Yes. I think a couple people here like to make a stink out of problems that dont effect everyone or think what matters to them matters as much to everyone when it doesnt.

In the past, like you know, I have blasted the R-15 to the point of not even using it for months.

What can I say, its just working now no lockups, no frozen black screens, etc.... I am as surprised as anyone.
They do need to address the issues you said but not everyone is having problems is all I am saying.


----------



## dodge boy (Mar 31, 2006)

I haven't had any problems since i formatted and did a reset everything and did a complete reinstall of my R15 2 days ago. :nono:


----------



## Bud33 (Jan 26, 2006)

I can't understand why a person who bashes, cusses, and generally *HATES* the R-15, continues to except R-15 replacements and continues to use them.
If I had had the problems some of these others *seem* to have had, I would have dumped the R-15, D*TV and put up a Yagi!!!!!


----------



## cybok0 (Jan 5, 2006)

Bud33 said:


> I can't understand why a person who bashes, cusses, and generally *HATES* the R-15, continues to except R-15 replacements and continues to use them.
> If I had had the problems some of these others *seem* to have had, I would have dumped the R-15, D*TV and put up a Yagi!!!!!

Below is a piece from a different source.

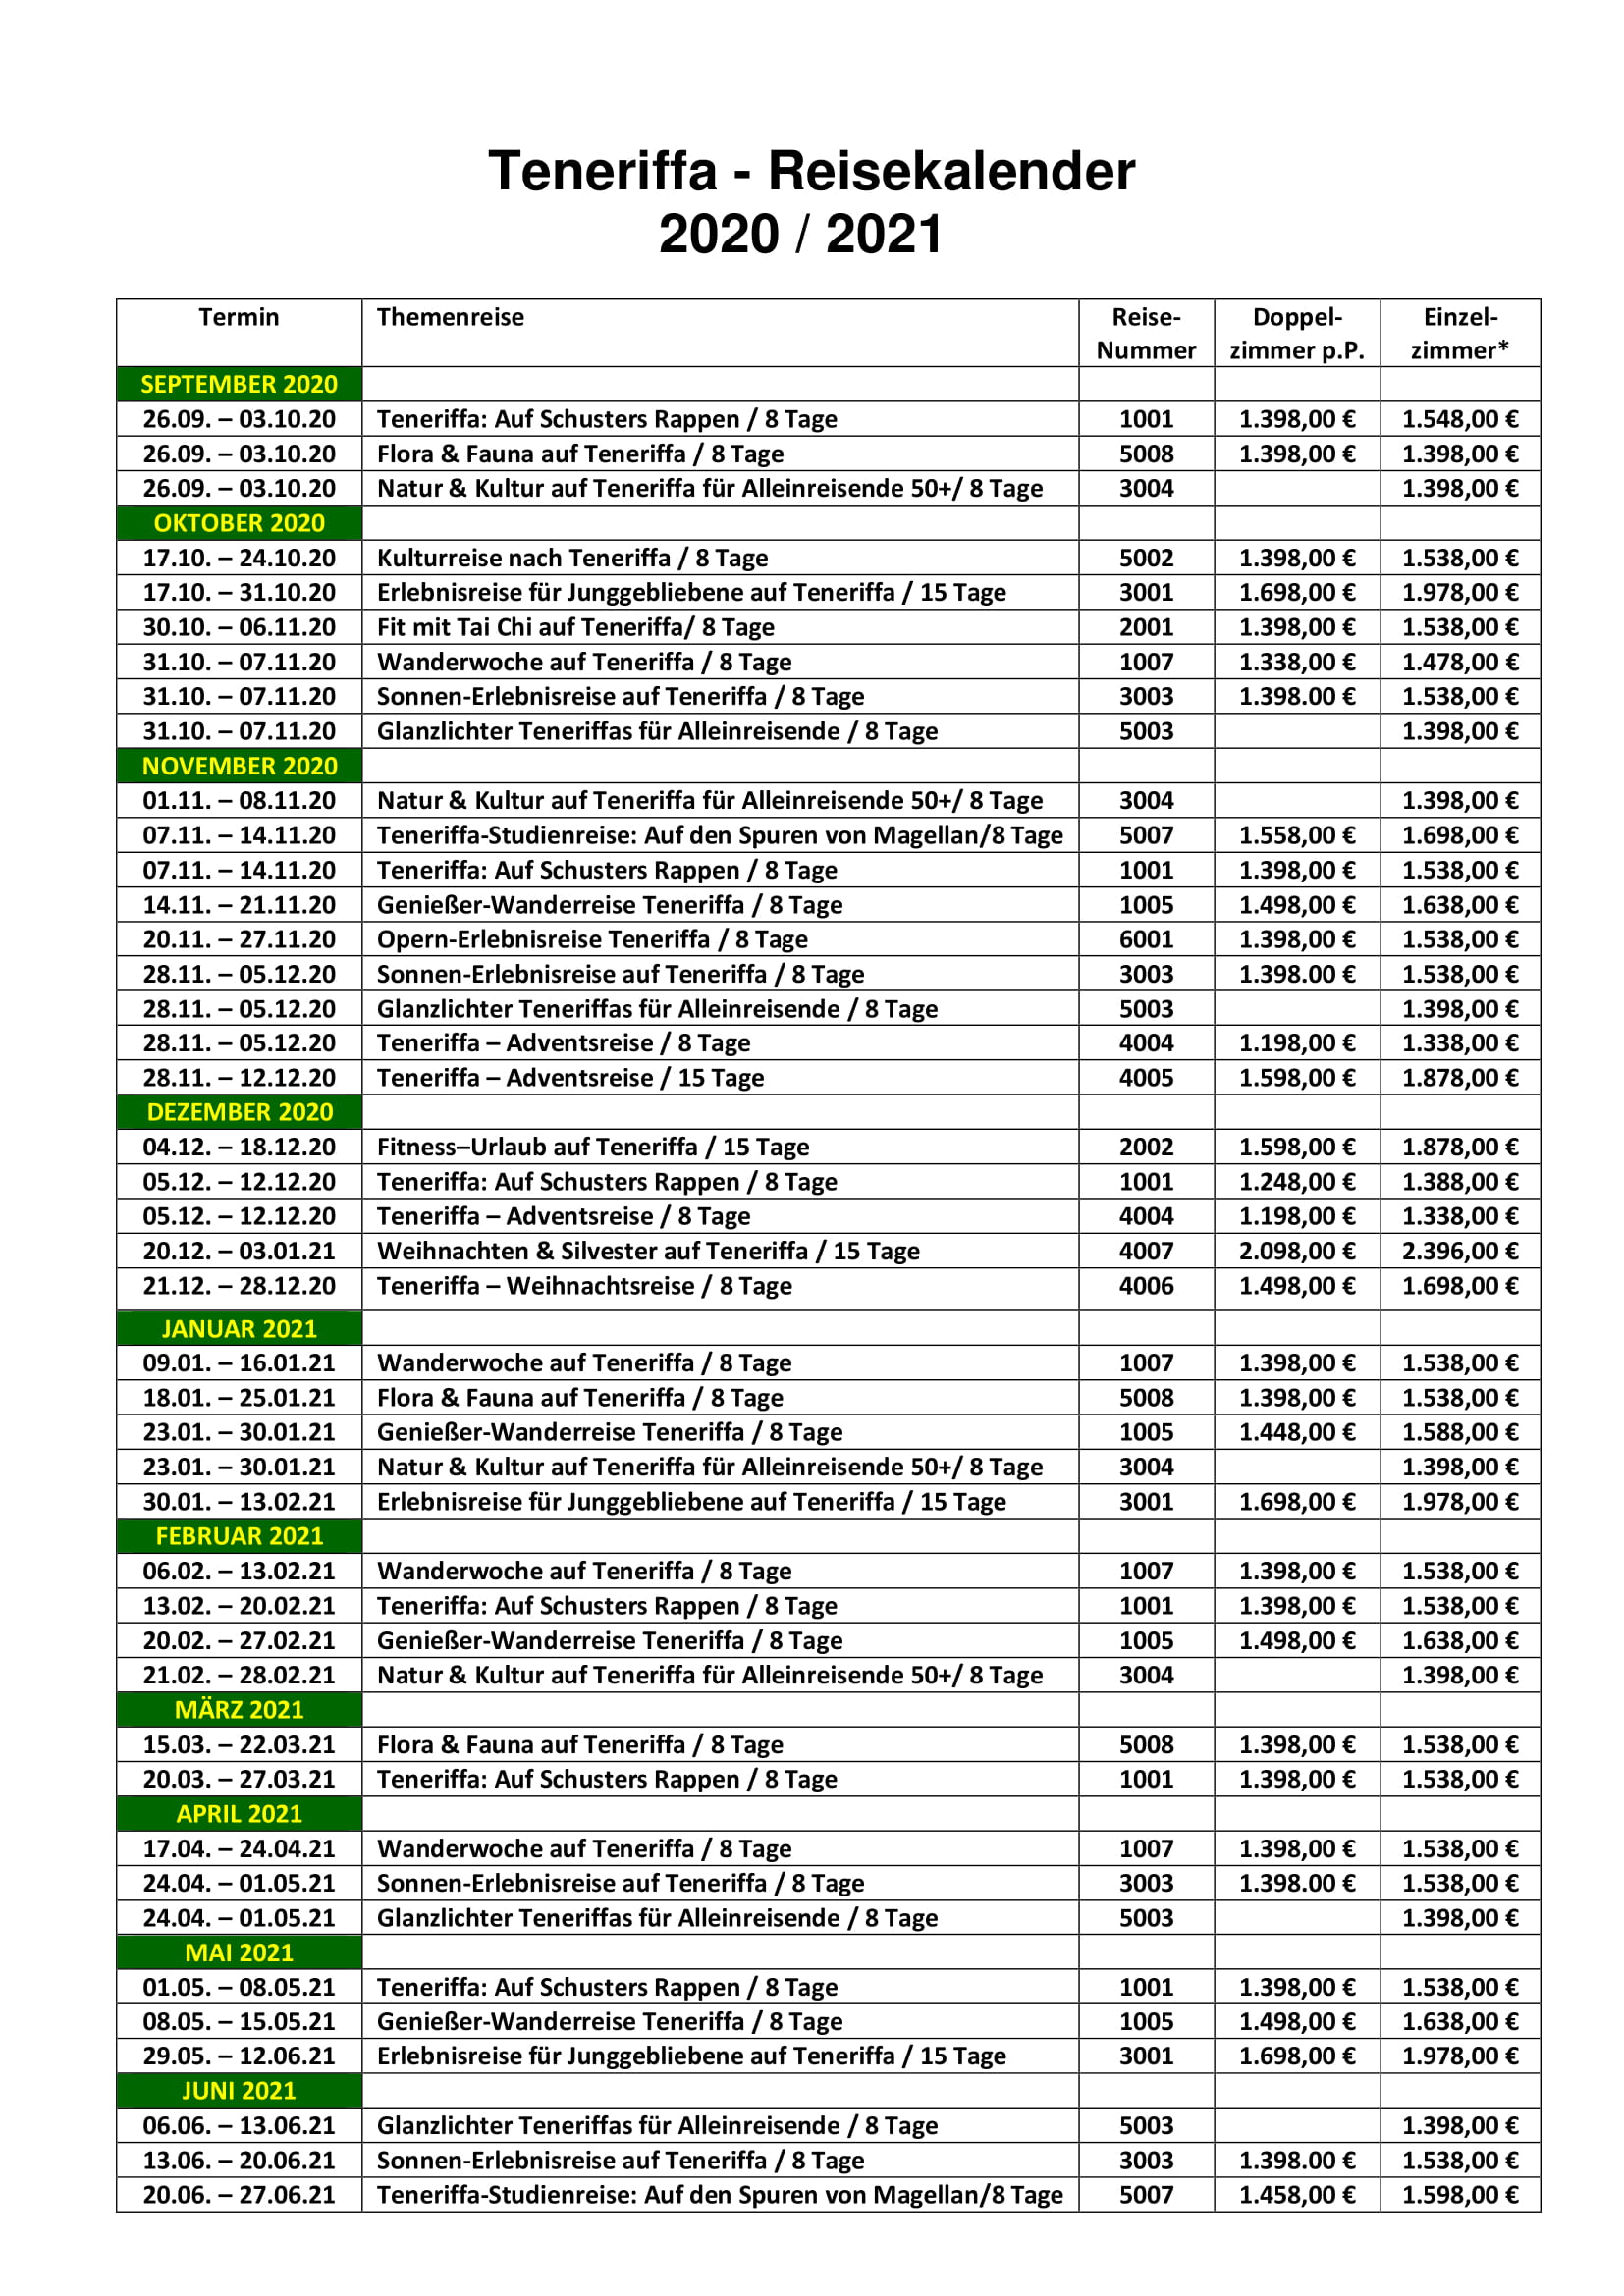 Reisekalender2020/2021-1

there are several reasons people stay with D* even though the R15 has problems.

1.there tied to a lease agreement they can't get out of.
2.they have been with D* for so long they can't imagine going anywhere else.
3.they like D* services they put up with the R15.
4.NFl sunday ticket
5.cable just isn't an option where they live.
6.hoping all the promises come true and the R15 does become a functional dvr.

and I'm sure there are even more reasons i didn't list.


----------



## sheridan1952 (Mar 16, 2006)

In my area, cable is an option. But the cable is Time/Warner and I refuse to have anything to do with them. AND, they are leaving my area soon to be replaced by ComCast, still not an option for me.

Oh, and *"SEEM TO HAVE?"* You're not here, you don't know so don't call me a liar. I have not exaggerated any of my claims. I have reformatted my unit and it is working fine so far, but I did experience everything I reported.


----------



## qwerty (Feb 19, 2006)

cybok0 said:


> there are several reasons people stay with D* even though the R15 has problems.
> 
> 1.there tied to a lease agreement they can't get out of.
> 2.they have been with D* for so long they can't imagine going anywhere else.
> ...


He didn't say "Why do they stay with D*?". He said "Why do they keep using the R15?". There are other options.


----------



## Bobman (Jan 3, 2006)

My R-15's are still working great. No problems in many many weeks now.

Just wanted to let everyone know.:joy:


----------



## Bobman (Jan 3, 2006)

sheridan1952 said:


> I have reformatted my unit and it is working fine so far, but I did experience everything I reported.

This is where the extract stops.